However, as the three of us stood in a shadowed field of trees, the sense of turning into the martyr Cassandra had accused me of becoming remained just below the surface.
Only I was far too enraged to surrender to my father’s ridiculous games.
“The surveillance cameras on the property show nothing,” Zach stated. “No activity whatsoever.”
Xander stepped in front of both of us, surveying the area as he’d been doing since we parked our vehicles on the cracked concrete pad, which was the only indication the area had once housed two profitable businesses. We’d purchased the few acres, initially considering building a second production facility on the grounds.
That had been years ago, right at the beginning of the creation of the Obsidian Society. While we’d branched out in where we’d held our hunts, since the original dilapidated buildings had been torn down, we’d used the land less frequently.
But the acres were widely known as the beginning.
For the Scorekeeper to have found the information would have taken an inside source.
Something felt off to me. I pulled my phone into my hand, reading the text he’d sent for the fifth time.
Not only did a sense of dread sweep through me, but also a belated sense of knowing.
The fucker had toyed with us as he’d done with all his victims.
“That’s because he’d not fucking here,” I said calmly.
“What do you mean he’s not here. Isn’t that what his text suggested?”
“That’s not it.” I turned around in a full circle as a different sound emitted from my phone.

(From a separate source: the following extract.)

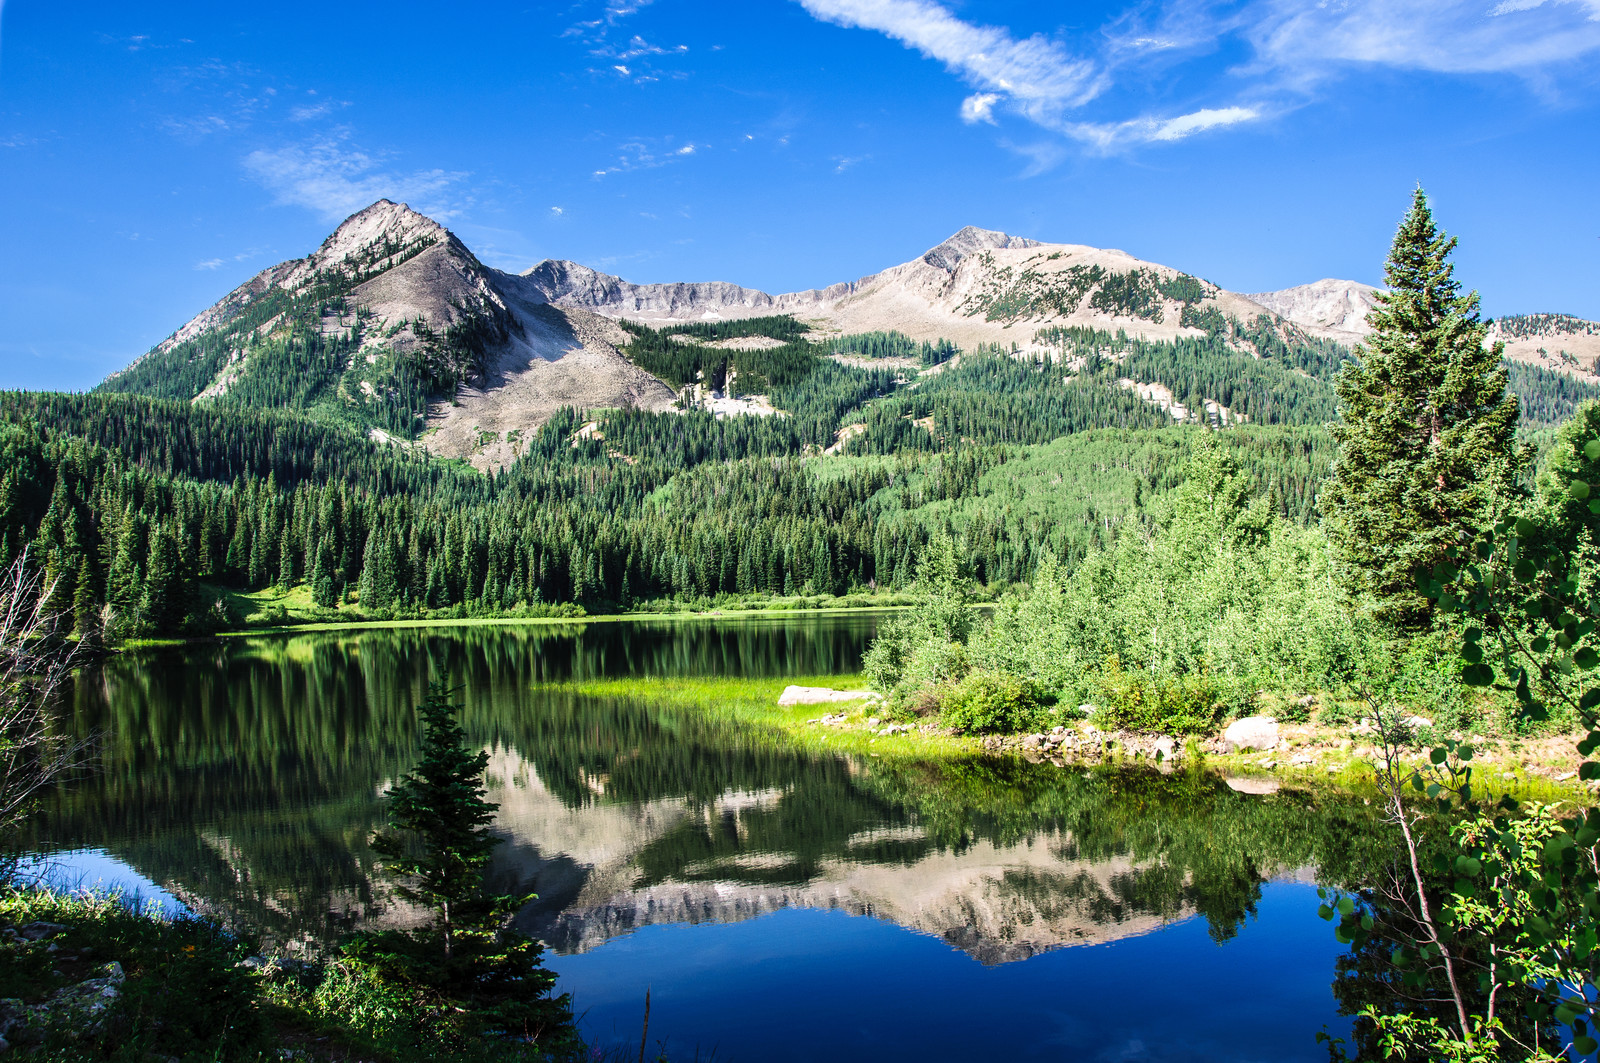 Family Friendly Camping Areas In Colorado, camping in colorado, camp sites in colorado, colorado camping, where to camp in Colorado, camping with kids in colorado

It was a basic alarm I’d installed on the vault behind the bookcase. As soon as it was activated, so was the camera hidden in the crown molding across the room. I shifted to the application, taking a deep breath as soon as I did.
The small frame couldn’t amplify the look of defiance in my butterfly’s eyes or the determined look on her face. Anger was right below the surface, but even with the understated fury, I couldn’t help but admire her spunk.
Yet the fact she’d escaped the safe room meant she’d placed herself directly in harm’s way.
Another sound.
Another camera activated.
Only this time from outside my fucking house.
It took all of three seconds to view and comprehend what I was seeing. “The bastard took her. He took the woman I’d die to protect.” The words were so fucking easy to say yet were detrimental to my way of life.
Just like the quiet rage that gripped every ounce of my being.
“The end is near, the hunt soon to begin. Only one winner can take the prize. Only one can assume the kingdom. Come to where it all began, the men of the Obsidian Society, the birthplace of true evil.” I spoke the text out loud.
The words written by our immortalized father sounded like a mantra meant for kings.
For the legacy of kings.
“Where?” Zach demanded. “Where the fuck are you talking about?”
A strange sense of knowing was followed by a single image of my Lady Butterfly. She was in danger.
As I heard a ping indicating a text, I didn’t need to look at the screen to know where the bastard was waiting.
The vision was in bright colors. While slightly out of focus and coming through the eyes and memories of a small child, I could see our old house. The beautiful sprawling two-story house where I’d spent three tragic years. Three years of abuse. Three years of fear.
Three years of hearing my mother’s cries late into the night.
There was a basement where we were never allowed to go, a white picket fence with flowers indicating we were the perfect family.